참조영역(10)과 특정영역(30)은 시작위치와 끝위치로 표현될 수 있으며 구간길이를 가지고 있다.The reference region 10 and the specific region 30 can be expressed as a start position and an end position, and have a section length.

일 예로, 도 2에서 제1 참조영역(10a)은 염색체 염기서열 A, T, G로 이루어지고 시작위치는 1이며 끝위치는 3이다. 즉 제1 참조영역(10a)의 위치는 (1, 3)이고, 구간길이는 3이다. 제2 참조영역(10b)은 염색체 염기서열 G, T, T, C, G로 이루어지고 시작위치는 4이며 끝위치는 8이므로, 제2 참조영역(10b)의 위치는 (4, 8)이고 구간길이는 5이다. 제3 참조영역(10c)은 염색체 염기서열 A, G, A, C로 이루어지고 시작위치는 9이고 끝위치는 12이므로, 제3 참조영역(10c)의 위치는 (9, 12)이고 구간길이는 4이다.For example, in FIG. 2 , the first reference region 10a is composed of chromosomal nucleotide sequences A, T, and G, and has a starting position of 1 and an ending position of 3. That is, the position of the first reference region 10a is (1, 3), and the section length is 3. Since the second reference region 10b is composed of the chromosomal sequences G, T, T, C, and G, and the start position is 4 and the end position is 8, the position of the second reference region 10b is (4, 8) and The length of the section is 5. Since the third reference region 10c is composed of chromosomal sequences A, G, A, and C, and the start position is 9 and the end position is 12, the position of the third reference region 10c is (9, 12) and the section length is is 4

길이 보정부(100)는 다양한 구간길이(M)를 가지는 참조영역(10)을 기 설정된 조정길이(L)를 가지는 비교대상영역(15)의 조합으로 보정할 수 있다.The length correction unit 100 may correct the reference region 10 having various section lengths M by a combination of the comparison target region 15 having a preset adjustment length L.

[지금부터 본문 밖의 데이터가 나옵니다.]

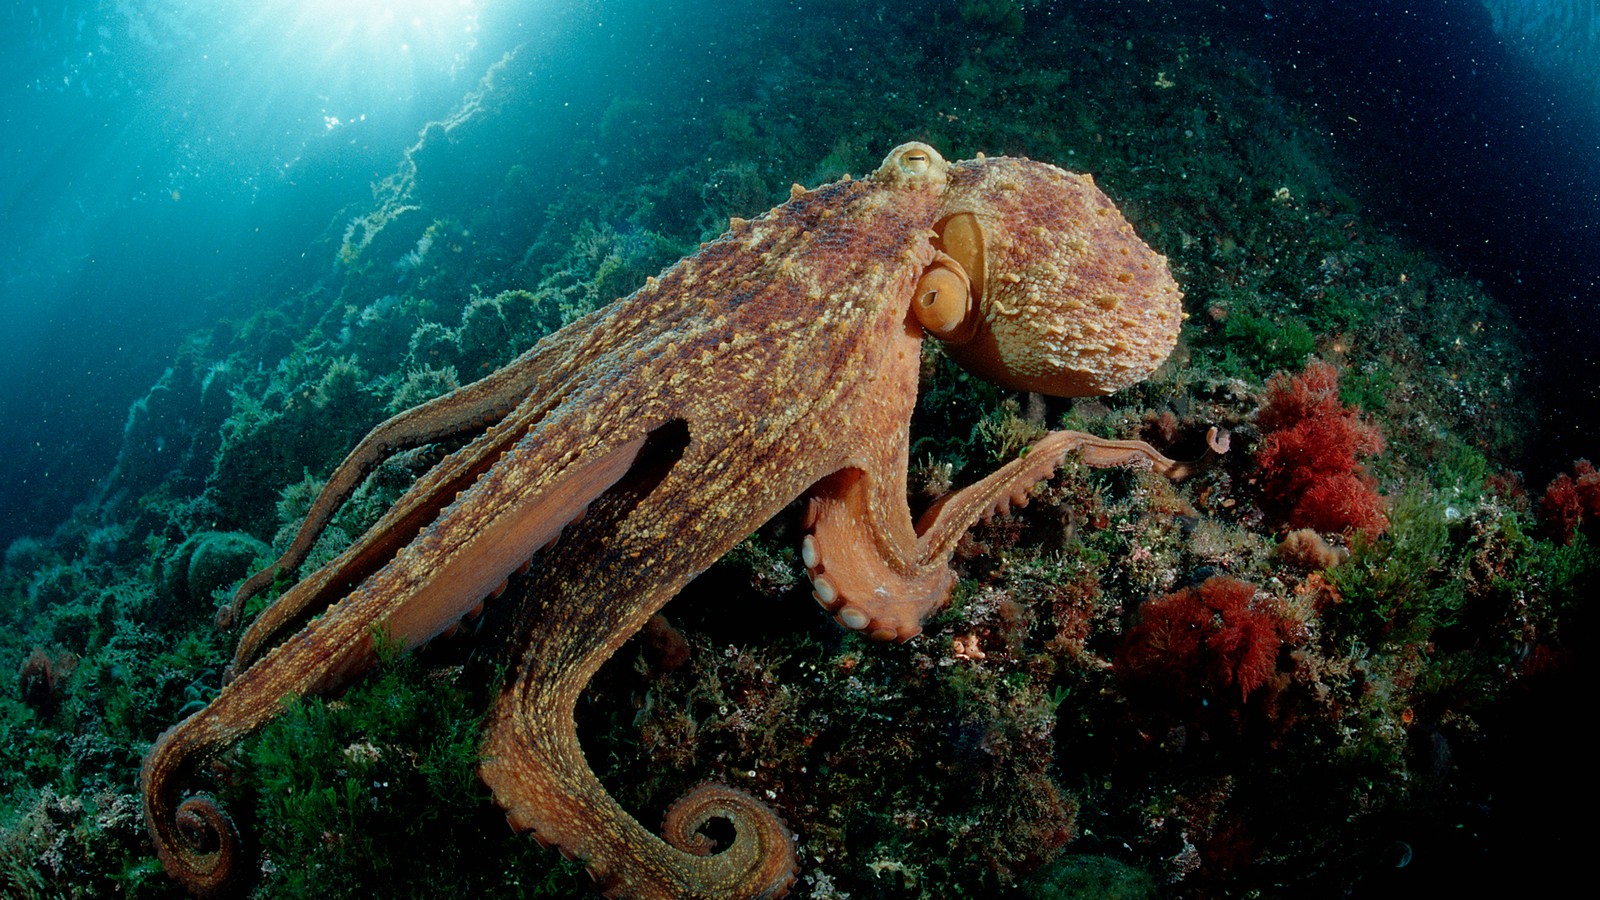 How Smart Is an Octopus? - The Atlantic

여기서 각각의 비교대상영역(15)는 각각의 시작위치와 끝위치를 가지고 있으나, 구간길이(L)는 모두 동일하다. 이때 구간길이(L)는 임의적 선택될 수 있다.Here, each comparison target area 15 has a respective start position and an end position, but the section length L is all the same. In this case, the section length L may be arbitrarily selected.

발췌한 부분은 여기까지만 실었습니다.